US 12,475,407 B2
Predicting topic sentiment using a machine learning model trained with observations in which the topics are masked
Guilford T. Parsons, Seattle, WA (US); and Kaitlin Claveau, Westminster, CO (US)
Assigned to Providence St. Joseph Health, Renton, WA (US)
Filed by Providence St. Joseph Health, Seattle, WA (US)
Filed on Oct. 27, 2020, as Appl. No. 17/081,277.
Prior Publication US 2022/0129784 A1, Apr. 28, 2022
Int. Cl. G06N 20/00 (2019.01); G06F 40/40 (2020.01); G16H 10/20 (2018.01); G16H 50/20 (2018.01)

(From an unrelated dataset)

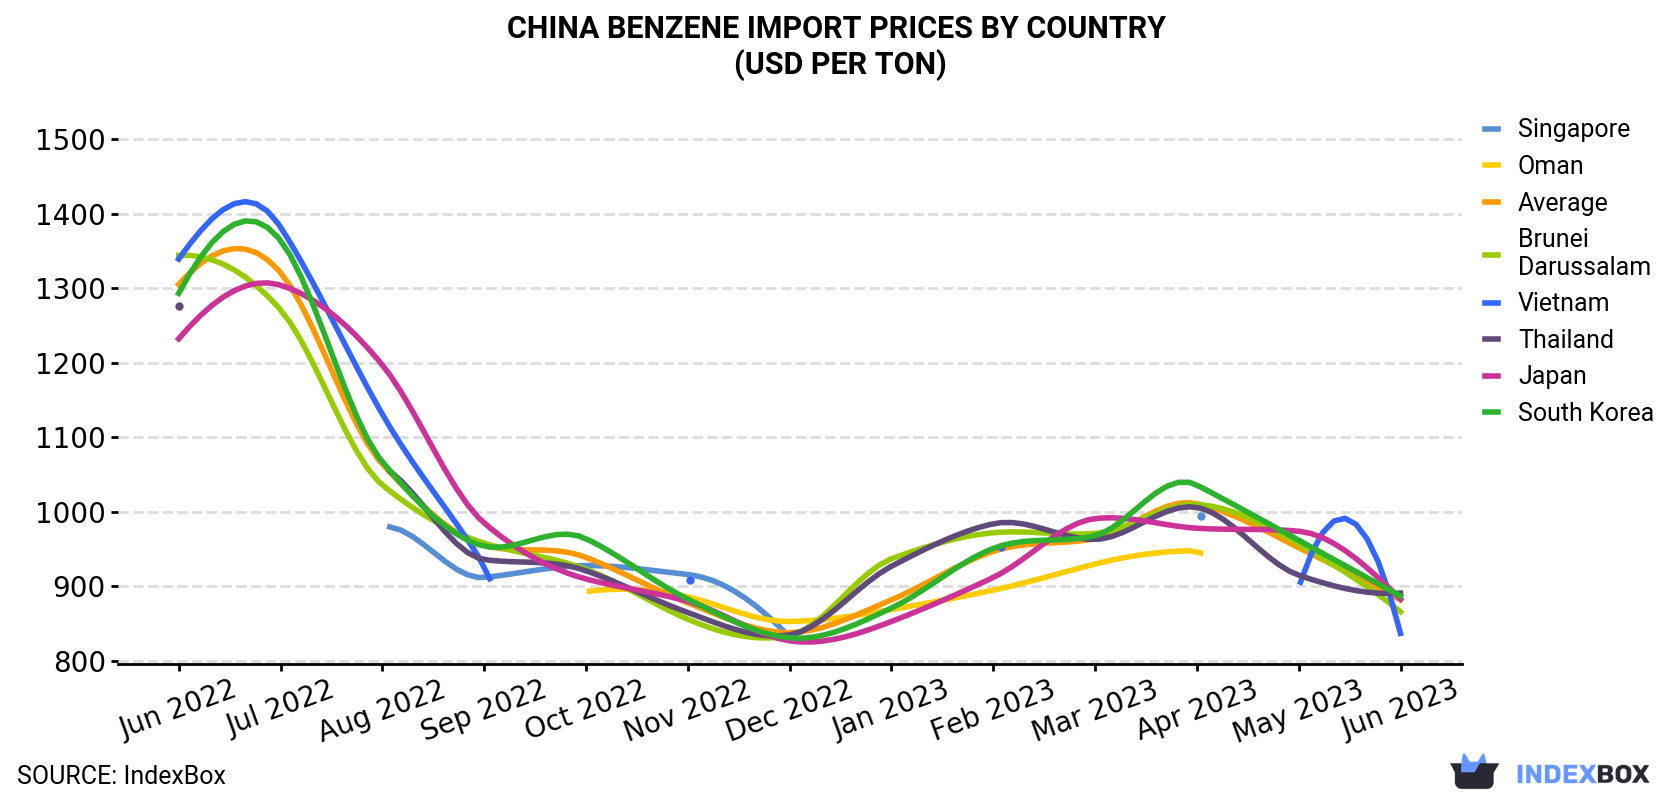 China Benzene Import Prices By Country (USD Per Ton)

CPC G06N 20/00 (2019.01) [G06F 40/40 (2020.01); G16H 10/20 (2018.01); G16H 50/20 (2018.01)] 11 Claims
OG exemplary drawing
 
8. A system comprising:
at least one processor; and
at least one memory, the at least one memory not constituting a transitory propagating data signal, wherein the at least one memory is configured to cause the at least one processor to:
receive a plurality of training natural-language text strings;
identify one or more noun phrases in each of the plurality of training natural-language text strings;
determine one or more sentiment-qualified topics based on the one or more noun phrases;
determine an entity class for each of the one or more sentiment-qualified topics:
modify each training natural-language text string to preserve a location of each sentiment-qualified topic in each training natural-language text string while replacing all information about an identity of each sentiment-qualified topic;
use the modified plurality of training natural-language strings and the entity class for each of the one or more sentiment-qualified topics to train a machine learning model to determine a sentiment of each sentiment-qualified topic by at least performing a largest-first comparison of substrings of each of the plurality of training natural-language text strings to identify longer, multi-word topics to an exclusion of included shorter topics, and comparing the longer, multi-word topics to a list of topics or named entities specified for a domain; and
store the sentiment with each training natural-language text string by restoring the identity and using the location associated with each sentiment-qualified topic in each training natural-language text string.